Il nastro interrompe i suoi giri e fa staccare il tasto Play… è ora di cambiare lato.

Inizialmente Dodo – Lurker l’ho odiata, come osava paragonarsi ad Abacab, primo pezzo del lato, lunga addirittura più di Lei, pomposa e sfarzosa senza sembrarlo meritare, non mi piaceva proprio! ora è diverso, mi da quasi l’impressione di un cavallo che, inizialmente, non vuol farsi domare ma che poi sa donarti comunque molto.

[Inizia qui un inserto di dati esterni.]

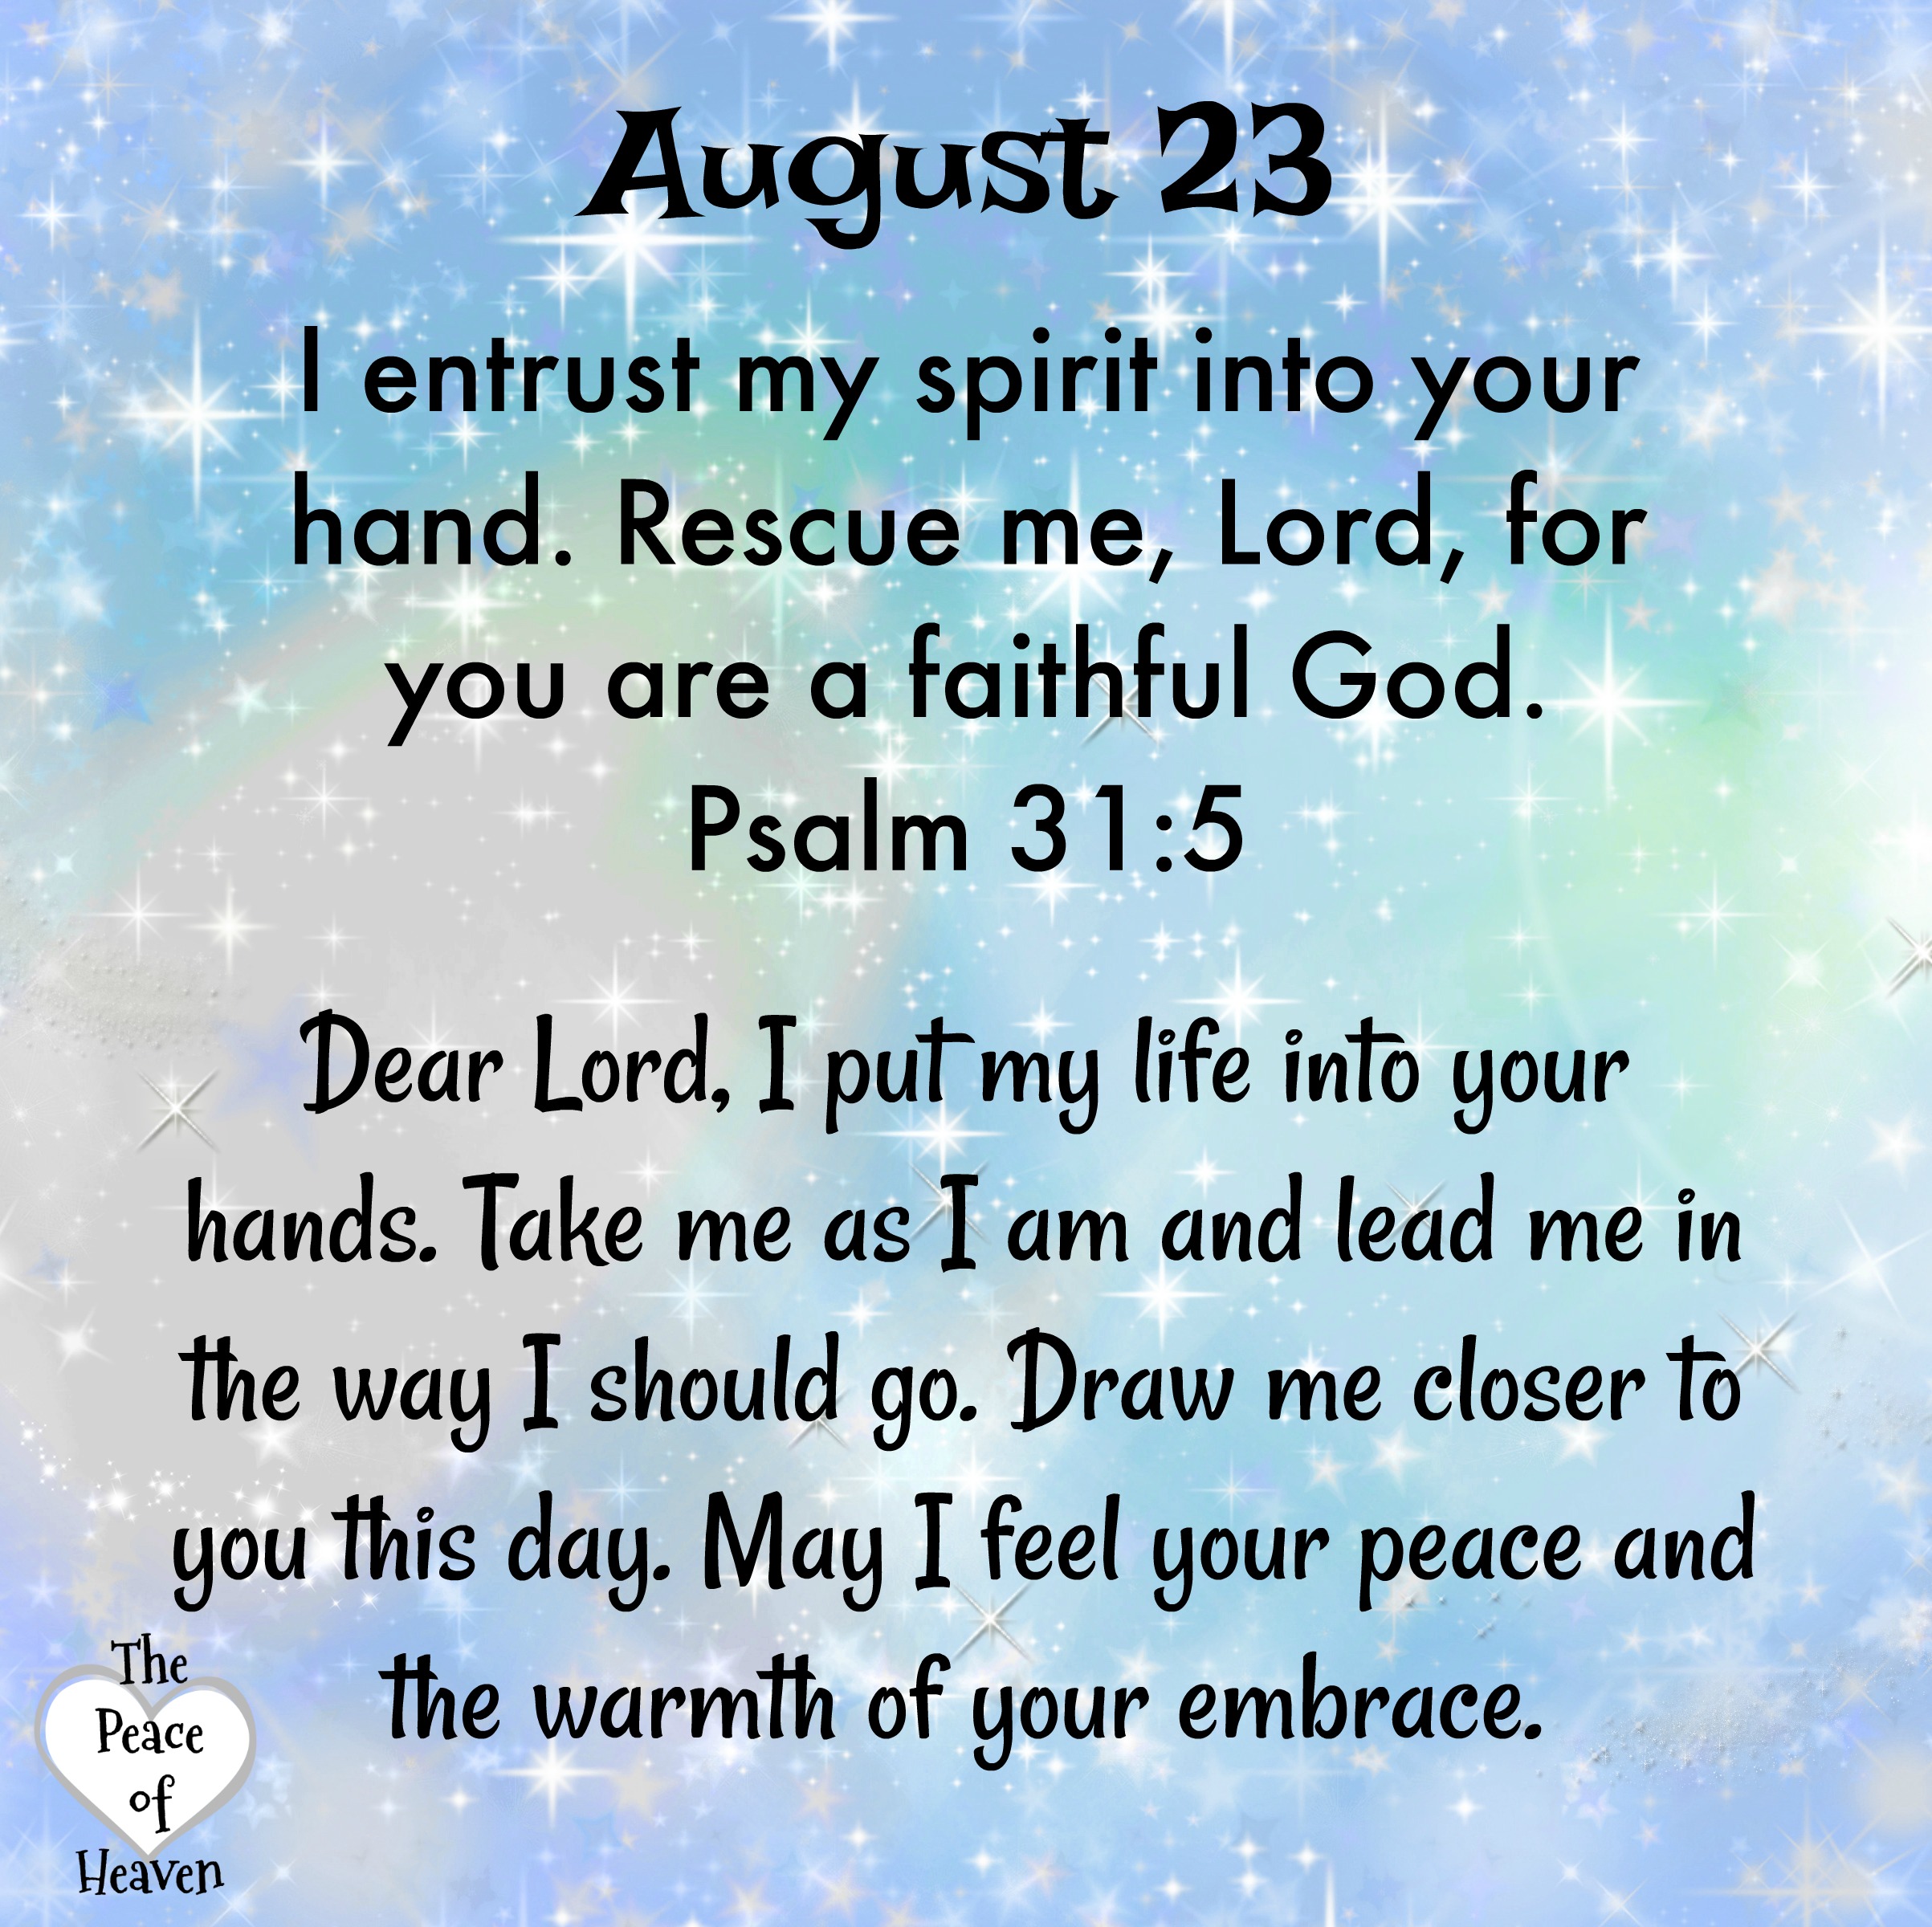 August 23 – The Peace of Heaven

Who dunnit? e Man on the corner mi sono sempre state indifferenti, come se non fossero state composte dai Genesis, troppo essenziali, quasi senz’anima, non mi lasciavano nessuna emozione, come un incontro in metropolitana tra due persone troppo piene dei loro pensieri per svelarsi, Like it or not, invece, mi piaceva molto, avevo l’impressione di essere avvolto in una calda coperta a scacchi grandi rossi e blu, seduto su un divano color canna da zucchero striato d’arancio, davanti ad un fuoco che scoppietta ancora anche se sta dolcemente assopendosi, il rossiccio di quella unica fonte di luce che si riflette su quell’ultimo bicchiere che forse finirò prima di andare a dormire… Another record mi ha sempre affascinato, specie l’inizio che richiama un’alba quasi spettrale, le nebbiose pianure che provano a respingere il giorno che avanza mentre l’occhio si posa sulle ultime immagini non più comprese, poi la nebbia dirada, le stelle scoloriscono alla luce nuova e tutto passa, fino al sorgere di una nuova Luna nella mia Follia.